Actually I kinda love this picture.
(And I’m still a fan of JC.)
Keeping things fuzzy
I don’t like keeping a journal because I like having things be fuzzy. – a writer friend
Whenever you begin with I remember, you retrieve a world. But how much precision do you owe the past? Artists who use their lives as inspiration must make decisions about how much to nail down the facts of their lives and how much to let the details remain vague, filtered, and even false. Science has shown that we can indeed form memory as early as two years of age; this will not come as a shock to most of us. But I find myself deeply reluctant to write down moments from that age, those priceless memories that have floated up from before my adult comprehension of time. Putting the whole-body experience of those memories in words is disquieting; it catches the experience in a net, pins it irrevocably to the graph of circumstance and later reconstruction. It paradoxically makes what felt real seem unreal.
Exactitude is at odds with memory’s talismanic power, and its shifting, felt nature. Memory is not fact, and does not want to be fact. Memory is, rather, a composition, a composite. Memory is experience and emotion together. This is why hearing someone else relate your history to a third party is disconcerting; the facts may all be in the right places, but the feeling is wrong. And just as concrete details can prove to be untrustworthy and amorphous over the years, so too does the emotional weight and meaning of memory change. It evolves as our emotional intelligence evolves.
In poems, this frangible world of memory is safe, because poetry is also felt, evocative, and not to be trusted with facts. A poem also lives in our emotional center, shifting its weight and its shape over time.

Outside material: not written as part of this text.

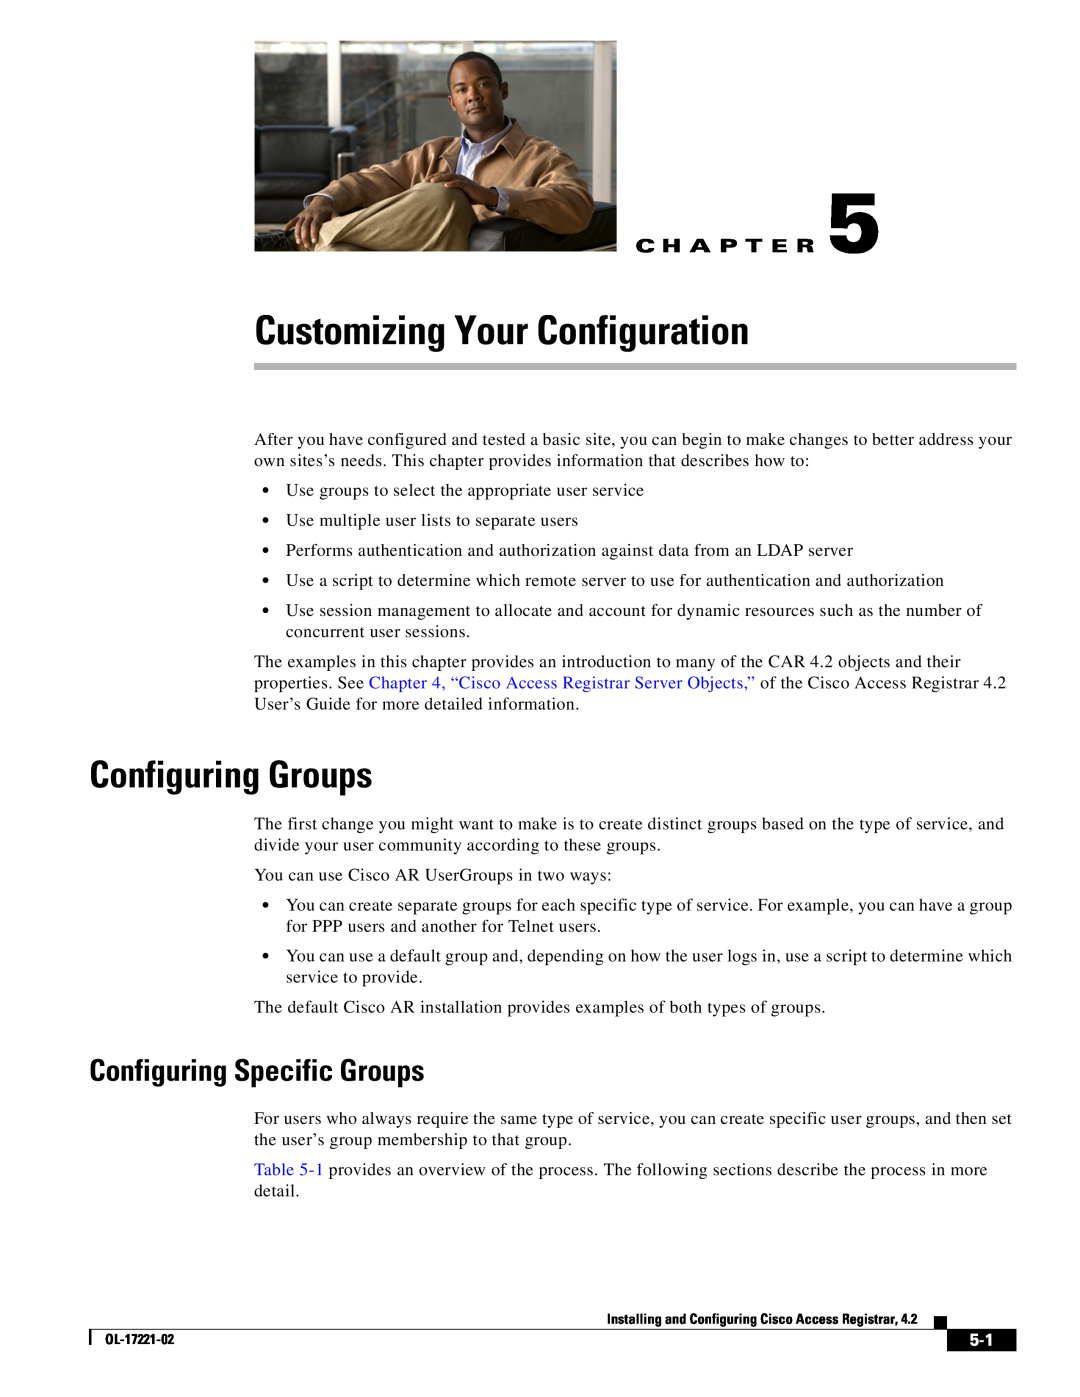 Cisco Systems 4.2 manual Customizing Your Configuration, Configuring Groups, Configuring Specific Groups, C H A P T E R

Early memories present like the koi in a leaf-filled pond. Not clear. More about movement than anatomical exactness. At their own pace, with a shape that is sensed and felt, but not caught. Poetry presents itself the same way, sometimes full-faced, more often gibbous.

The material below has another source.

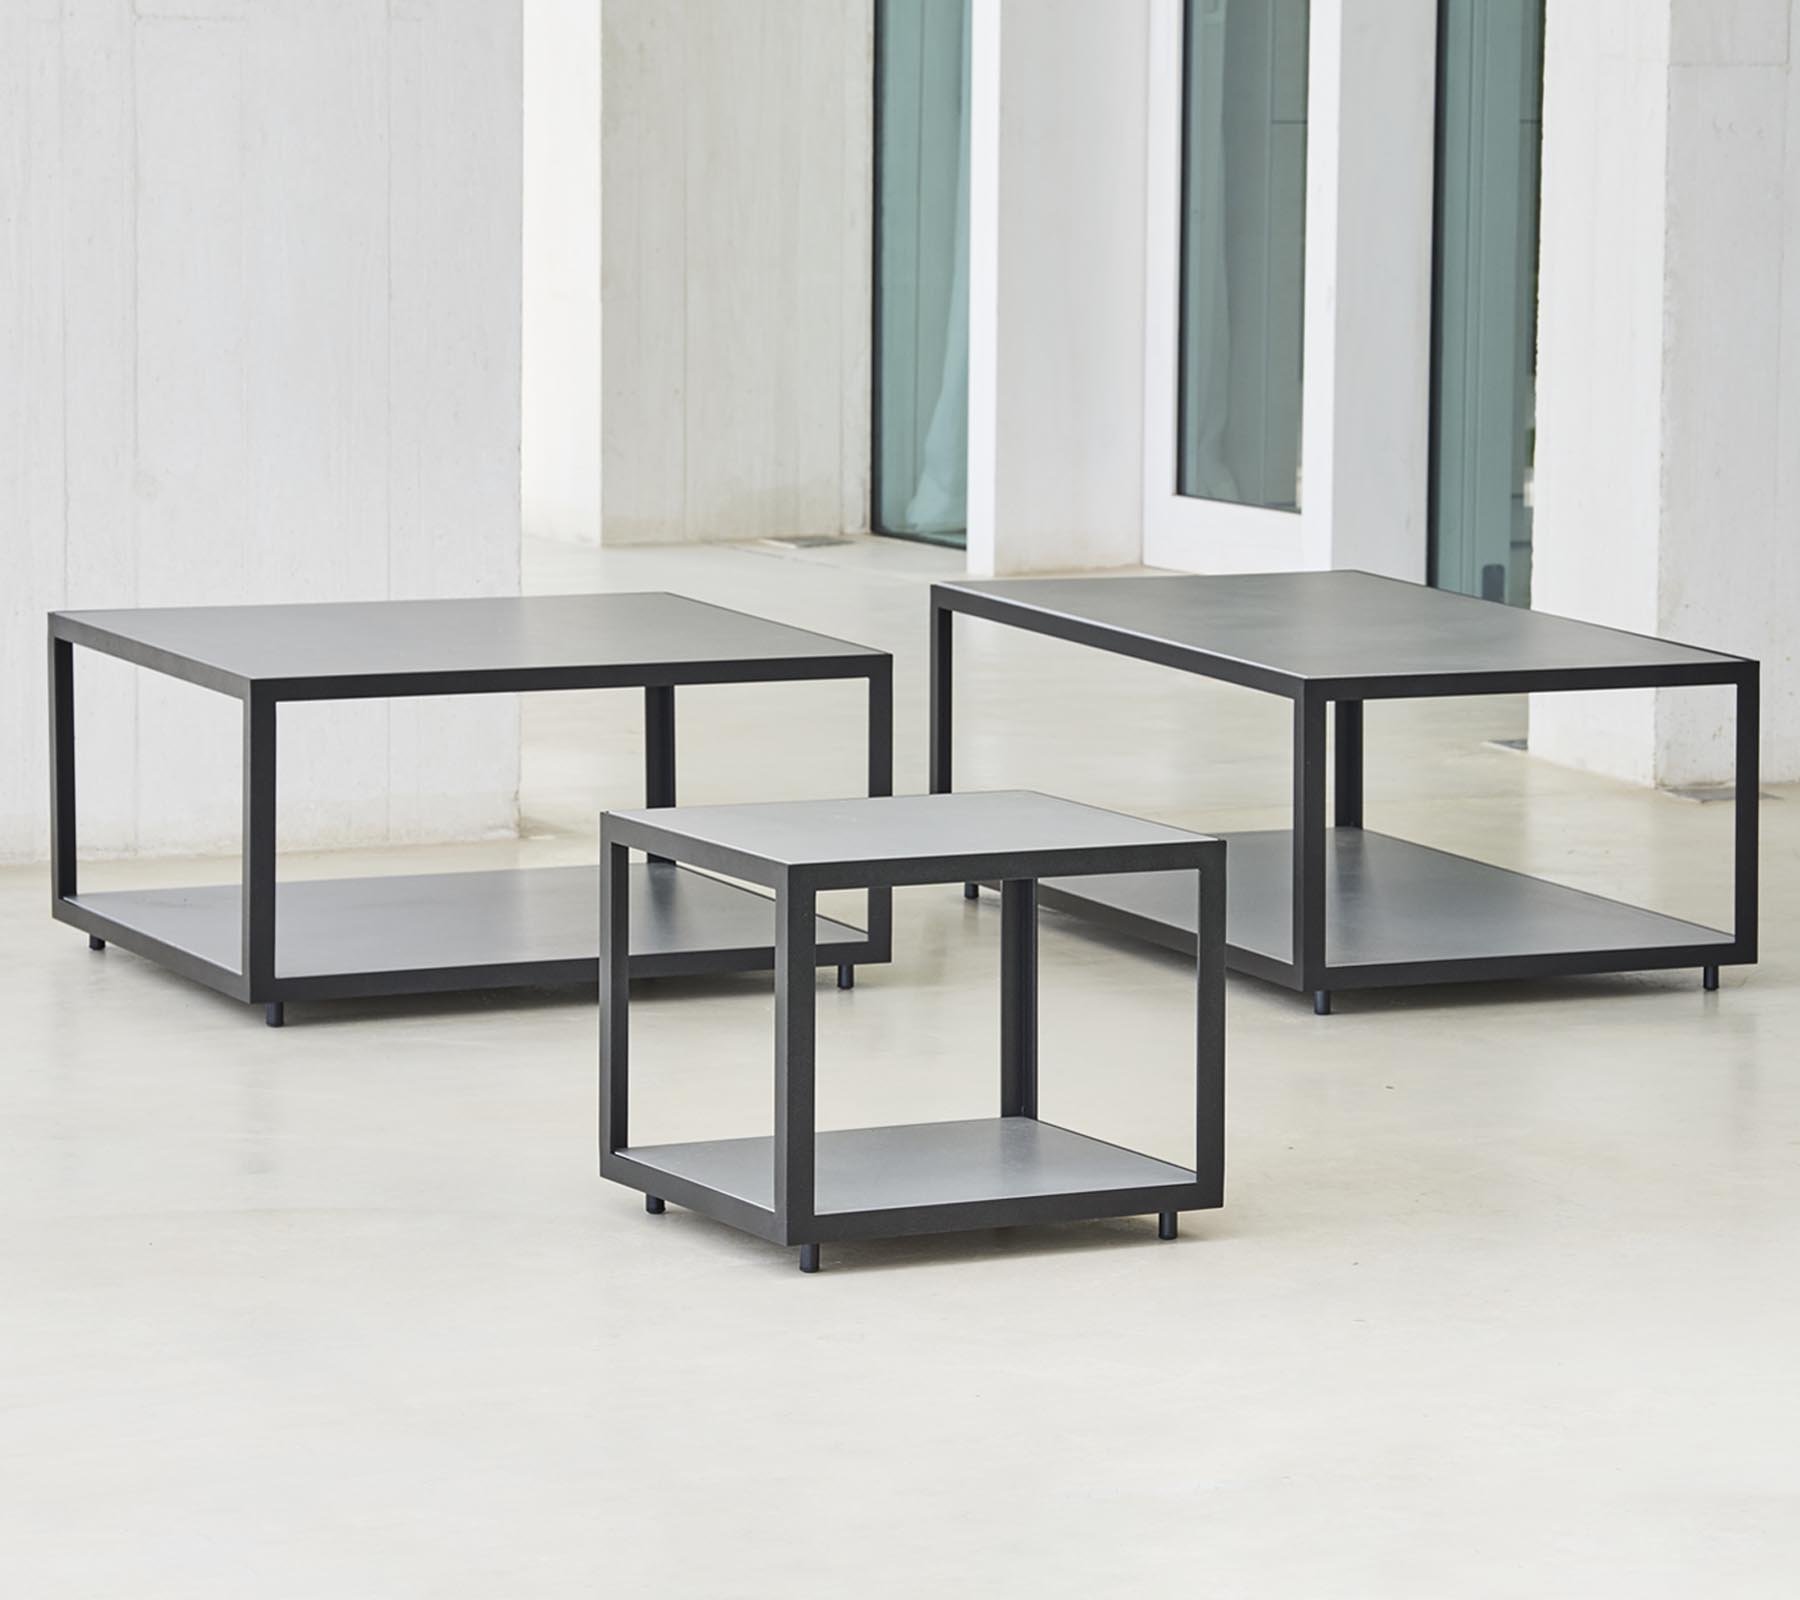 Level Coffee Table from Cane-line, designed by byKATO

What I learned this year, Part 2
9) When you first do something, you don’t have to be able to articulate why you are doing it.
10) For an avid reader, reading can become a substitute for doing.
11) Promote yourself. It feels super-awkward, but do it anyway.
12) Doubts don’t help you; they only undermine you. So, radically, quit indulging in them.
13) When I don’t write in my journal, I don’t write at all.
14) Not writing for even a day leaves me depressed.
What I learned this year, Part 1
In no particular order.
1) I can’t write Ted Kooser’s poems or Louise Gluck’s poems. I can only write my poems.
2) I can make them much better than I ever think I can at any particular stage of editing.
3) Forward momentum is the single most important thing.
4) I need to read poetry to feel consistently inspired to write it.
5) I don’t write for acceptance. I do it to have meaningful work, and to feel consistently alive. Of course I want acceptance from the rest of the world. But it’s really important to not get those two things tangled up.
6) I wrote about this previously, but it bears repeating: Don’t pursue the result of heightened awareness. Reach for the state of heightened awareness itself.
7) Writing anything generates motivation for writing anything else.
8) Writing anything generates motivation for doing anything else. In writing, I become real to myself. I become hopeful. My choices seem to matter. My life seems to matter.